Big Data Pitfalls

Avoid Simpson’s paradox:
This paradox refers to a phenomena where the association between a pair of variables (X; Y) reverses sign upon conditioning of a third variable, Z regardless of the value taken by Z. If we partition the data into subpopulations, each representing a specic value of the third variable, the phenomena appears as a sign reversal between the associations measured in the disaggregated subpopulations relative to the aggregated data, which describes the population as a whole.

Right ML algorithms usage: use the right approach for machine learning algorithms, find the appropriate algorithm for your specific problems. Ex. If you need a numeric prediction quickly, use decision trees or logistic regression.

Keep in mind the Prisoner’s Dilemma: like in “cigarette manufacturers endorsed the making of laws banning cigarette advertising, understanding that this would reduce ad costs for parties and increase profits across the industry”, so it is with the business strategy and down to big data processing.

Consider Gödel’s Theorem: any system of computation you can construct (numbers theory etc.) that it is true, it cannot be ultimately proved from the rules within that computational construct. The system in a way transcends itself. Thus the way to the strong AI for example.

Keep in mind the exponentially powerful quantum computers of the future. For example build different, resistant cryptographic algorithms against the qubits future powers.

Software Security Vulnerabilities

Cause of security vulnerabilities, the possibility of being exploited, the degree of harm and the difficulty to solve.

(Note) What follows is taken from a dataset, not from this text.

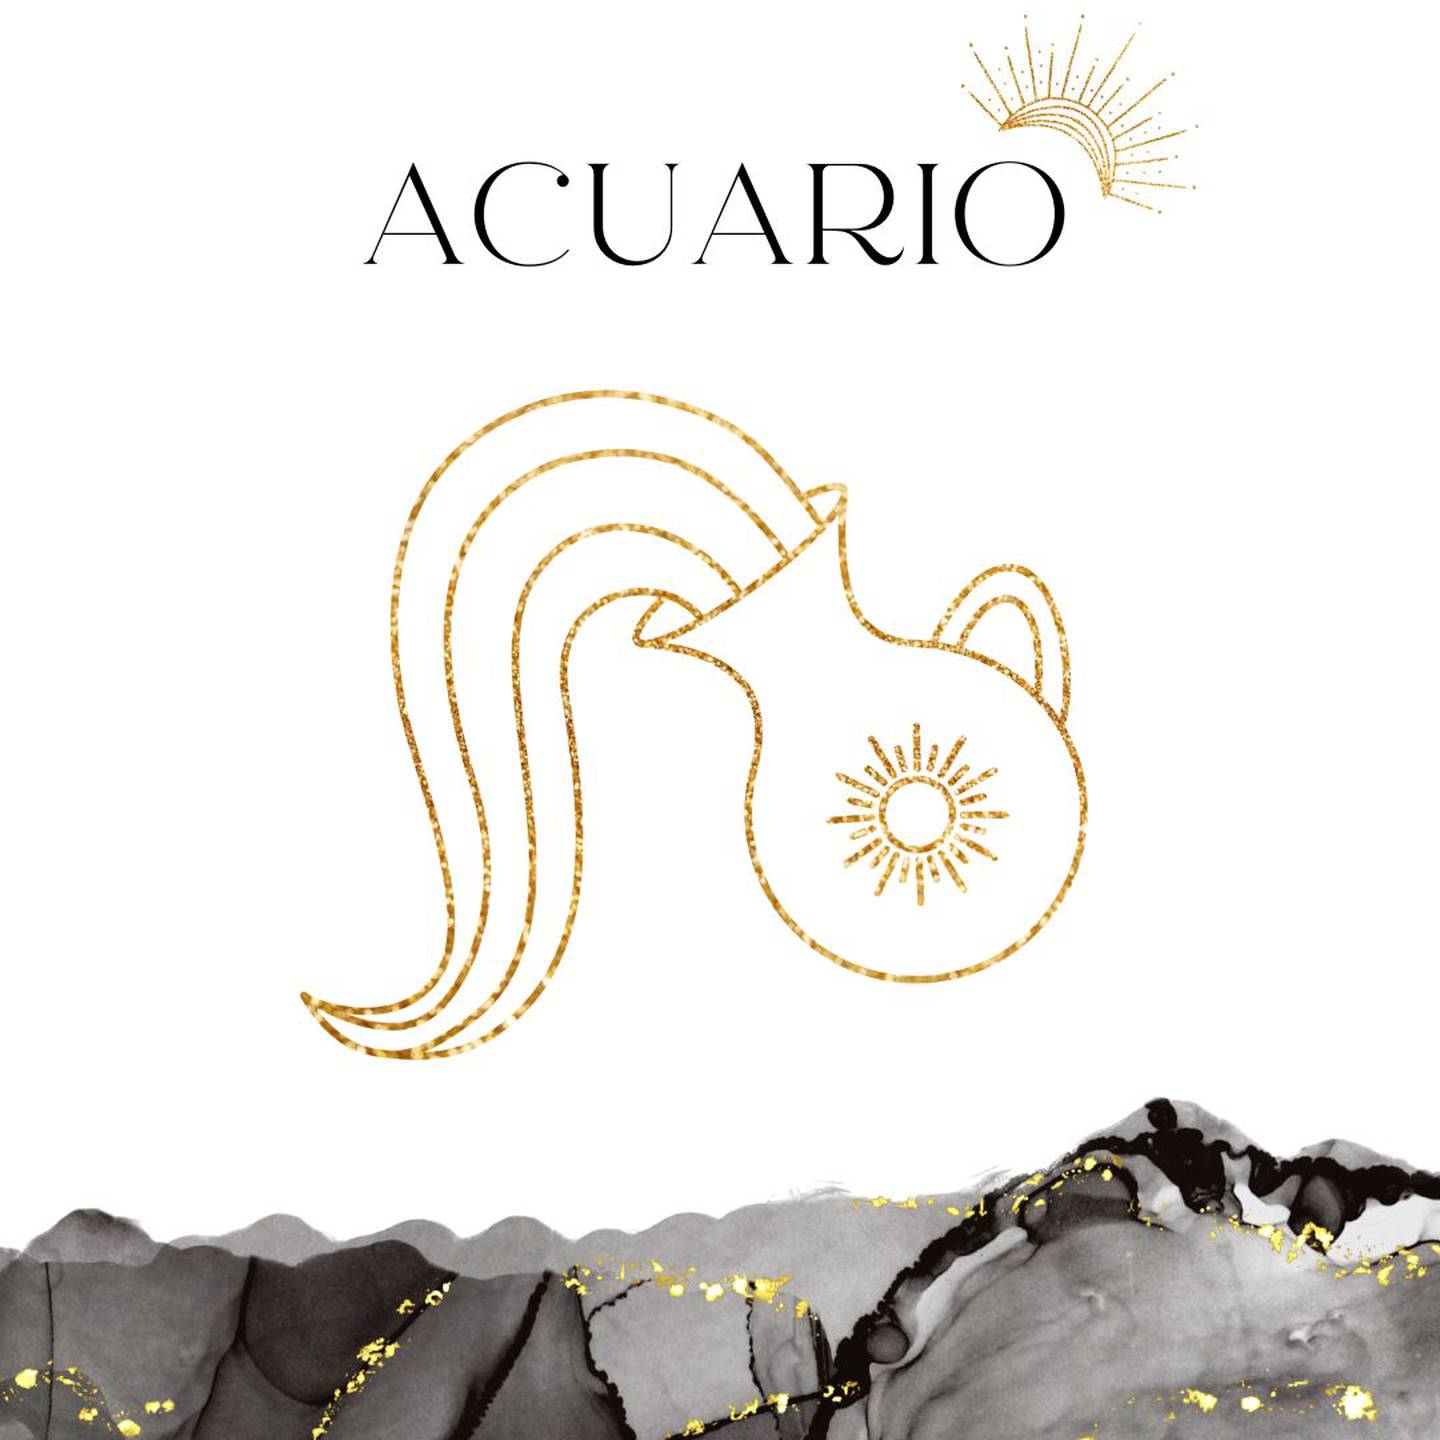 Palabra 'ACUARIO' en letras grandes y negras en el centro. Debajo, símbolo del signo de Acuario: un jarrón vertiendo agua en dorado.

1. Input Validation and Representation
Input validation and representation problems are usually caused by special characters, encodings, and numerical representations. Such problems occur as a result of input trust. These problems include: buffer overflow, cross-site scripting, SQL injection, command injection and so on.
2. API Abuse
The API is a convention between the caller and the callee, and most API abuses are caused by the caller not understanding the purpose of the convention. Security problems can also arise when the API is not used properly.
3. Security Features
This category contains vulnerabilities in authentication, access control, confidentiality, password usage, and privilege management.
4. Memory Management
Memory management is a common type of vulnerability associated with memory operations, including memory leaks, post-release use, double-release and so on. This type of vulnerability usually leads to system performance degradation, program crashes and a common type of flaws in C / C + + language.
5. Time and State
Distributed computing is time and state dependent. The interaction between threads and processes and the order in which tasks are executed are often determined by shared state, such as semaphores, variables, file systems and so on. The vulnerabilities associated with distributed computing include race conditions, blocking misuse and so on.
6. Error and Exception Handling Errors
This type of vulnerability is related to error and exception handling, and the most common type of vulnerability is that there is no proper processing mechanism (or errors are not processed), resulting in unexpected termination of program. Another vulnerability is that the error generated provides potential attacker with too much information.
7. Code Quality
Poor code quality can lead to unpredictable behavior. For the attacker, the poor code enables them to threaten the system in unexpected ways. Common types of vulnerabilities include dead code, null pointer dereferences and resource leak.
8. Encapsulation and hidden defects
Reasonable encapsulation means that the distinction between verified and unverified data, distinction between data of different users, or distinguish data that is visible or invisible to users. Common vulnerabilities include hidden fields, information leakage, cross-site request forgery and so on.
9. Flaws in Code Runtime Environment
These types of vulnerability is external to the source code, such as runtime configuration issues, sensitive information management issues and so on, which are critical to the product security.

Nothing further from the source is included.